Keywords: alternative polyadenylation, profiling tools, processing pipelines, validation approaches, genome function.
Alternative polyadenylation, which causes the same gene to produce multiple RNA transcripts, is an evolutionarily conserved phenomenon in both animals and plants [1-4]. This process prepares the 3' untranslated regions (3'UTRs) of RNAs with either variable sequence composition or different nucleotide lengths due to use of alternative polyadenylation (APA) sites [5]. In fact, 3'UTRs often harbor variable cis- and trans-acting regulatory elements so that alternative polyadenylation plays essential roles in regulation of RNA stability, localization, translation and degradation [6]. Consequently, the same gene can function quantitatively, qualitatively or epigenetically, depending on APA position, 3'UTR features and regulatory modes.

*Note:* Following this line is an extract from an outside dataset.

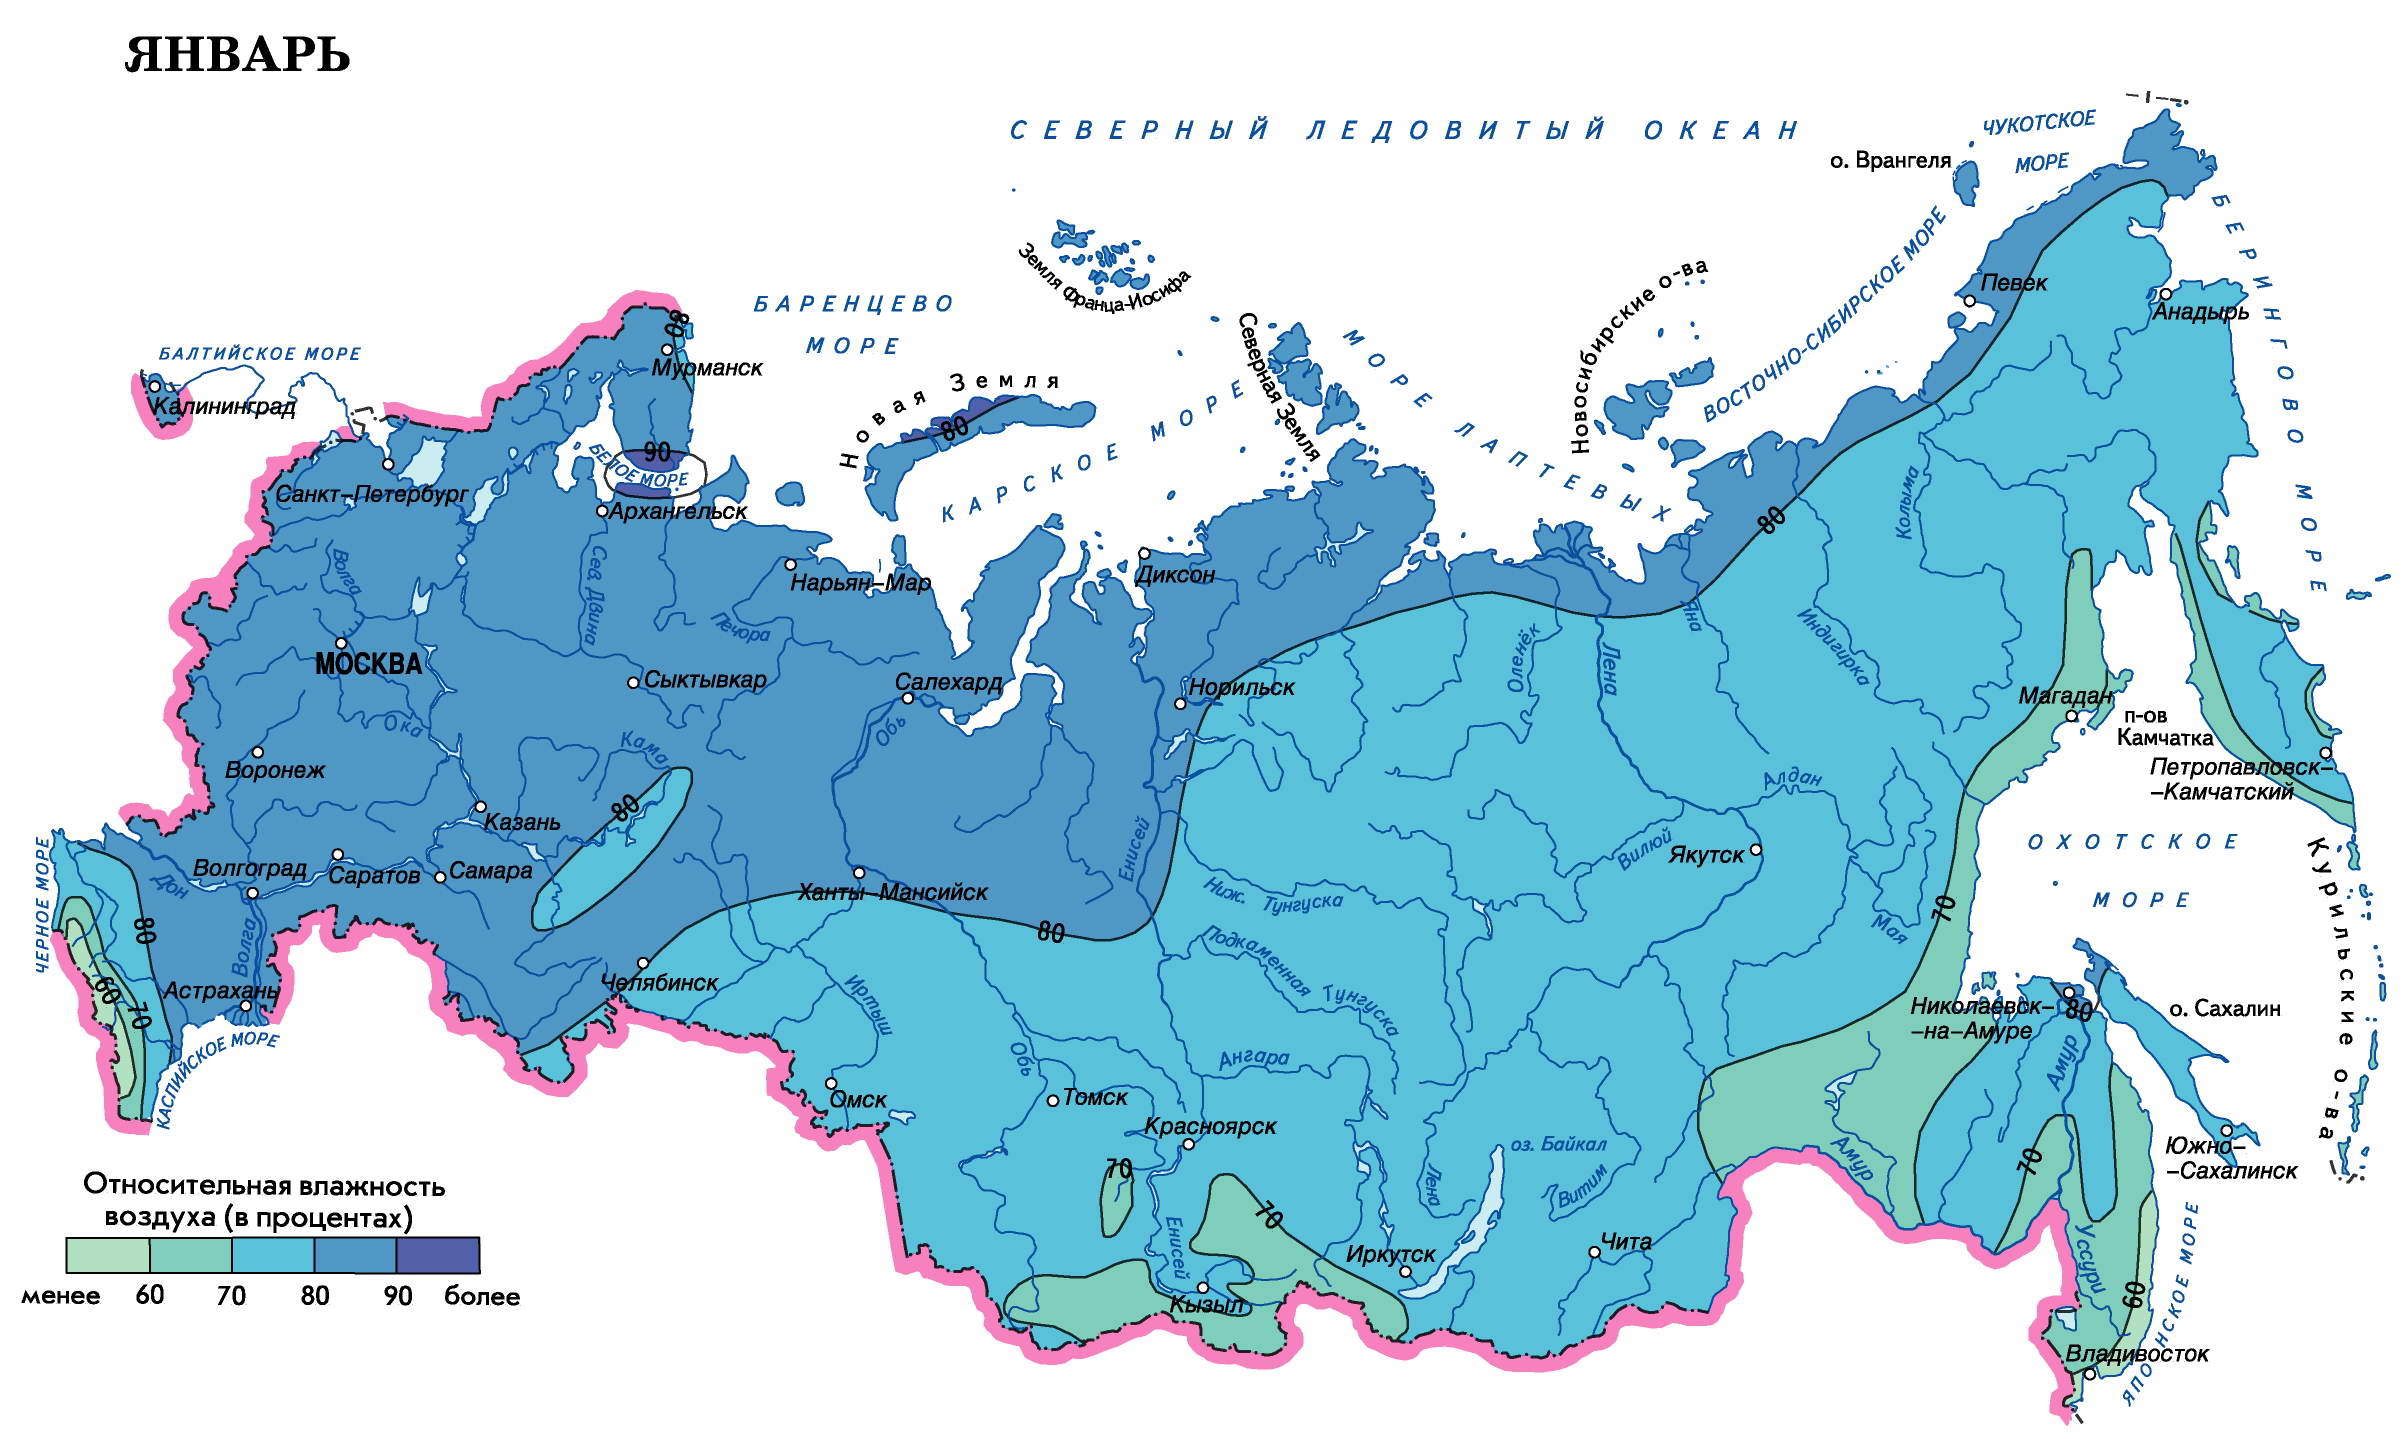 Какая влажность воздуха в перми. Карта влажности воздуха России. Зоны относительной влажности на карте РФ. Карта влажности воздуха России среднегодовая.

Two alternative transcripts can encode for the same protein. For example, the transcript with a short 3'UTR would avoid the negative regulation targeted by microRNA, but potentially lose the stability provided by RNA-binding proteins in comparison to another with a long 3'UTR. This regulatory mode contributes quantitatively to gene function [7]. Qualitative modes occur when APA sites from the same gene yield transcript isoforms that encode distinct proteins, potentially with distinct properties [8]. When a protein-coding transcript is converted into a non-coding, truncated or unstable protein due to a switch in APA usage, this regulatory mode is called an epigenetic effect, which ultimately silences the target gene [9].
Outline of library construction procedures involved in five newly developed methods. (A) LITE-seq and PAC-seq enrich polyA+ cDNA. (B) BAT-seq, WTTS-seq and PAPERCLIP-seq target polyA+ RNAs.
These findings clearly indicate that alternative polyadenylation plays essential roles in coordination of genetic information transfer from genome to phenome. This has triggered a great wave of interest in the research community to develop methods and techniques that can comprehensively capture the 3'-ends of transcripts and thus thoroughly characterize how APA sites influence various physiological, pathological and psychological processes [1, 10-11]. In 2015, Jiang and colleagues [5] reviewed 15 next generation sequencing methods and technologies specifically designed to profile the 3' termini of RNAs with or without restriction enzyme digestion. In the present review, we evaluate methods advanced during the last 2 - 3 years, summarize data processing strategies and discuss ways to validate the functional significance of APA sites.
Here we review five recently developed methods for capturing the 3'-ends of transcripts associated with polyA+ tails: 1) LITE-Seq (Low-Input 3'-Terminal sequencing method) [4]; 2) PAC-seq (PolyA Click sequencing method) [12]; 3) BAT-seq (BArcoded, Three-Prime specific sequencing method) [13]; 4) WTTS-seq (Whole Transcriptome Termini Site sequencing method) [14] and 5) PAPERCLIP (Poly(A) binding Protein-mediated mRNA 3′End Retrieval by CrossLinking ImmunoPrecipitation) [15]. Although all of these methods use total RNA as their starting materials, their strategies to enrich the polyA+ ends of transcripts are different. Broadly, the first two methods enrich polyA+ cDNA (complementary DNA), while the last three methods enrich polyA+ RNA to complete construction of the next generation sequencing libraries (Figures 1A and 1B).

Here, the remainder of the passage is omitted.